Four CGIAR researchers win World Food Prize for improving nutrition and health

Four CGIAR scientists, Dr. Howarth Bouis (HarvestPlus), Dr. Jan Low (CIP), Maria Andrade (CIP), and Robert Mwanga (CIP) will be awarded the World Food Prize tonight for their combined success in improving nutrition and health through biofortified crops. The HarvestPlus program works together with ten CGIAR centers to develop climate smart, high yielding biofortified varieties.

The World Food Prize, sometimes referred to as "the Nobel Prize for Food and Agriculture", is the most prominent global award for individuals whose breakthrough achievements alleviate hunger and promote global food security. "These four scientists have changed the lives of millions through their efforts," noted CIP Director General, Dr. Barbara Wells. "Nutrition studies have shown that biofortified crops improve health and nutritional status when regularly consumed. They made the case that orange-fleshed sweet potato would be accepted in various African diets, they bred resilient nutritious sweet potatoes that people liked, and now the evidence shows that these communities are healthier as a result."

2015 was a remarkable year for the global biofortification movement. More than 15 million people are now growing and eating these healthier crops. Over 100 varieties of 12 micronutrient-enriched crops are available in 30 countries, and are being tested in an additional 25 countries. HarvestPlus' goal is to scale up delivery so that a billion people worldwide will be reaping the nutritional and agronomic benefits of these crops by 2030.

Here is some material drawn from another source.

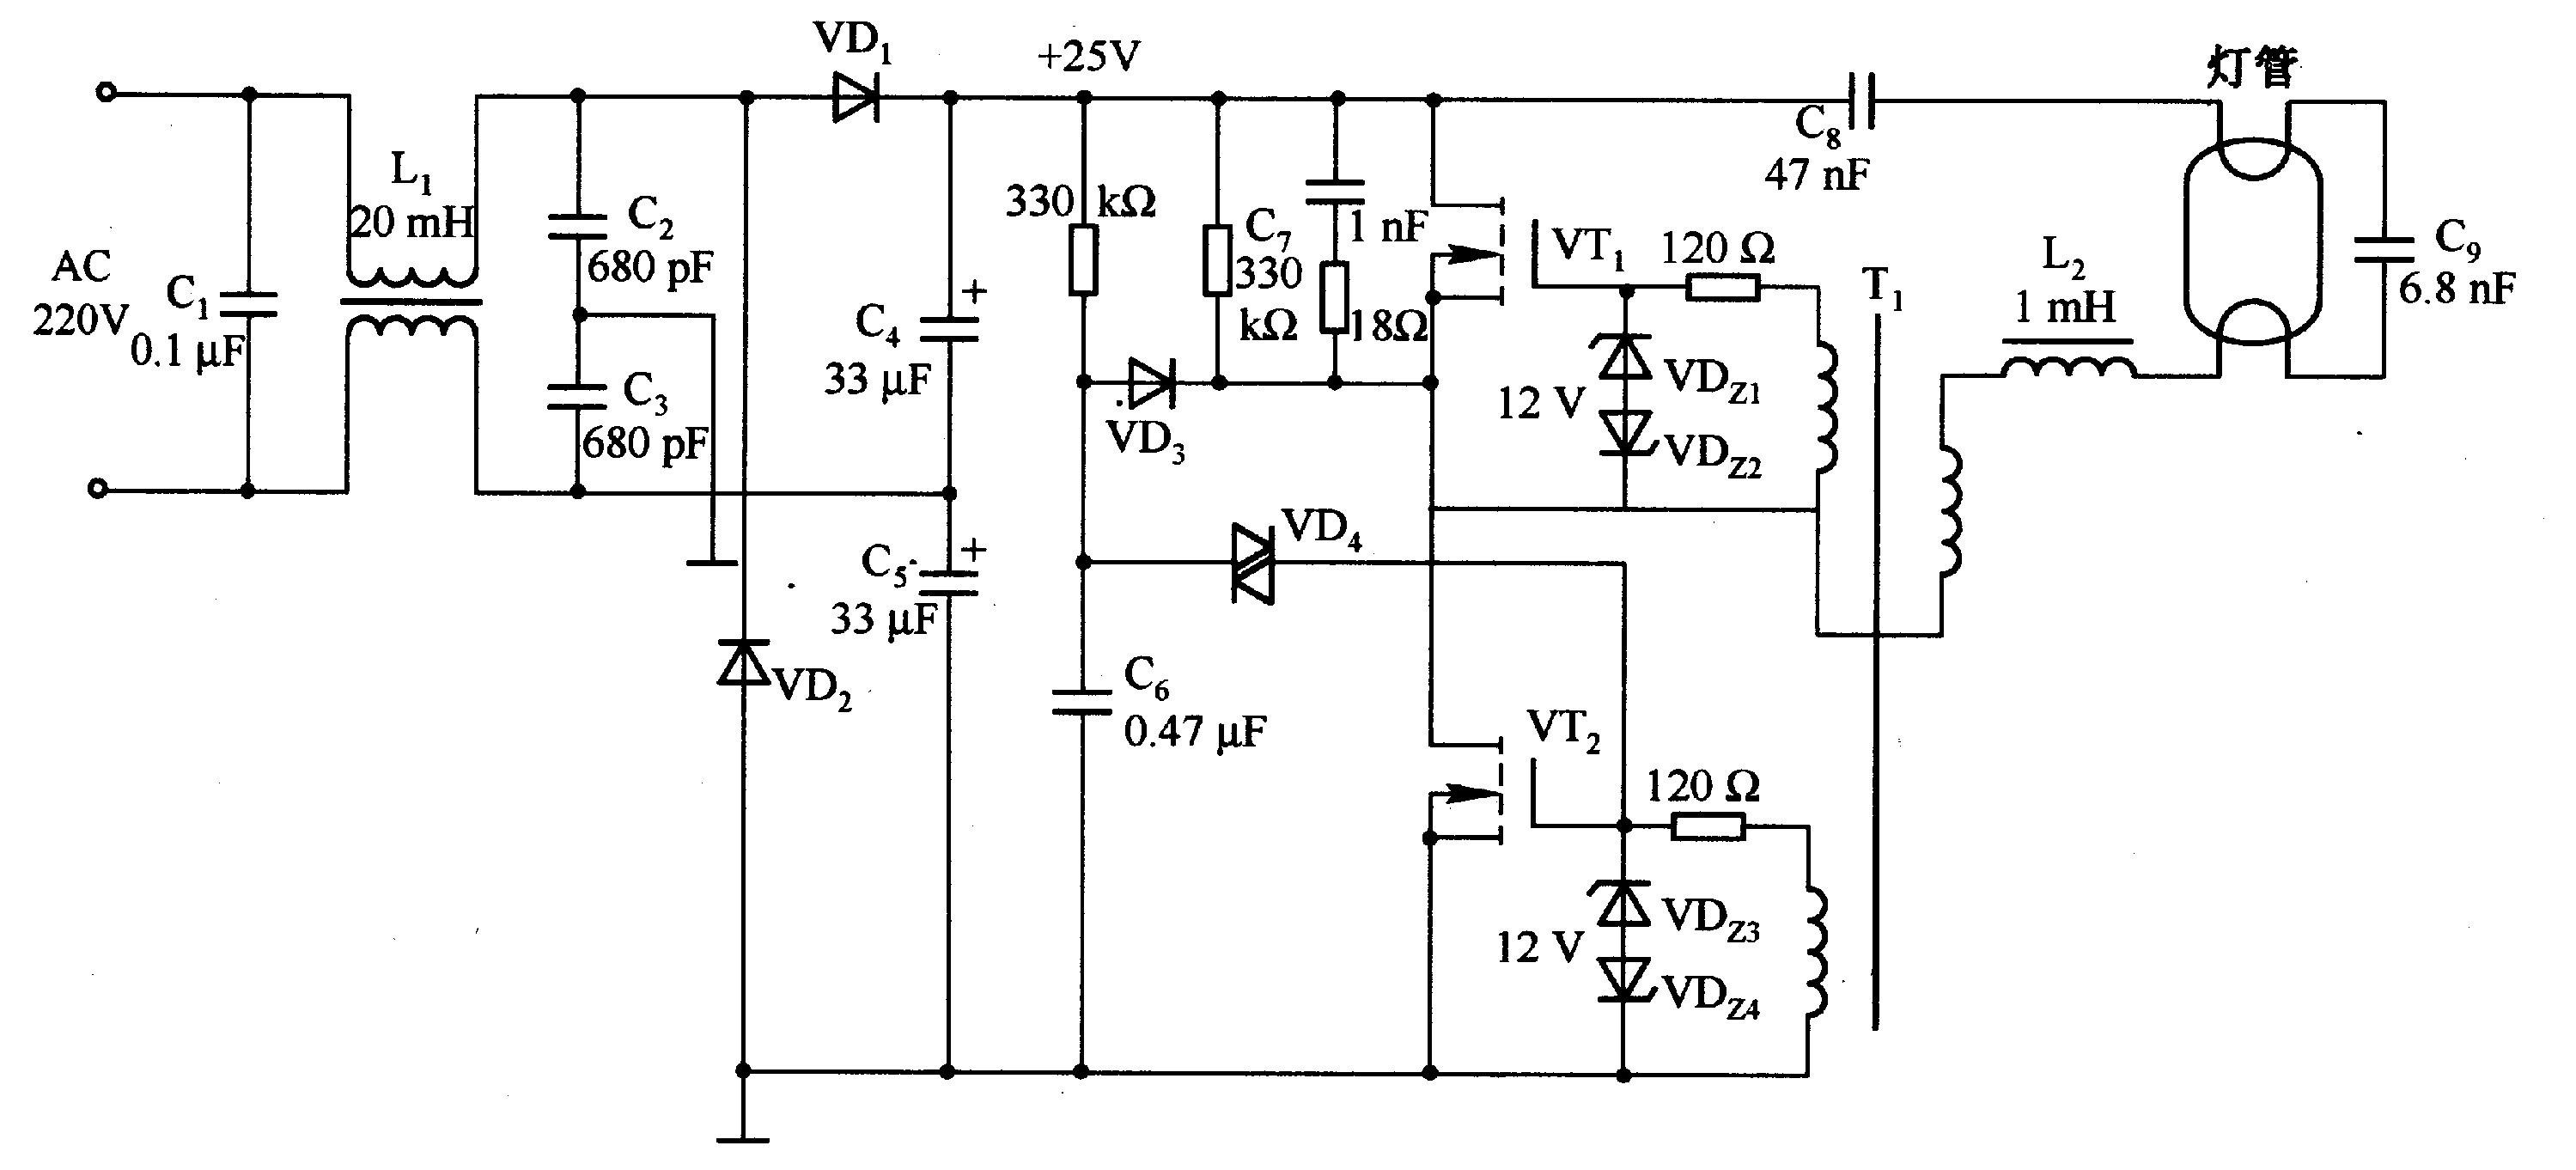 Wiring Diagram For Led Tubes Best Led Tube Light Wiring Diagram Led Light Bar Wiring Harness Diagram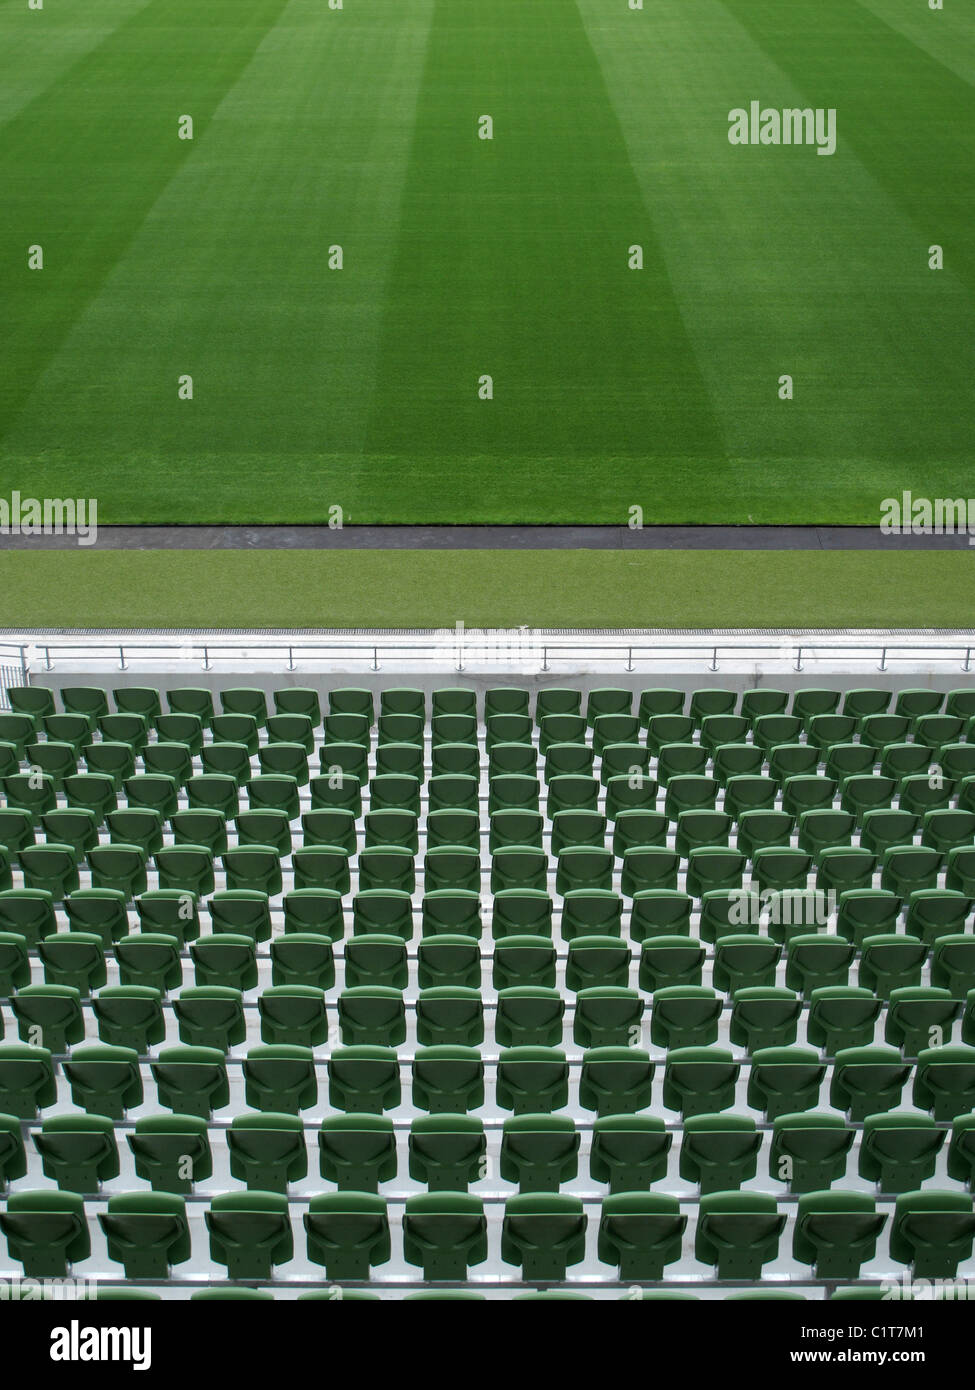 Empty stadium - Stock Image

About 150 million people worldwide have a vitamin A deficiency. In Sub-Saharan Africa and Asia vitamin A deficiency is a leading cause of blindness, disease and premature death among children under five. Pregnant and lactating women are also at high risk of vitamin A deficiency. The vitamin A crops, like orange-fleshed sweet potato, orange maize and orange cassava are great sources of vitamin A. Just 125 g daily of fresh roots from most orange-fleshed sweet potato varieties contain enough beta-carotene to prevent childhood blindness.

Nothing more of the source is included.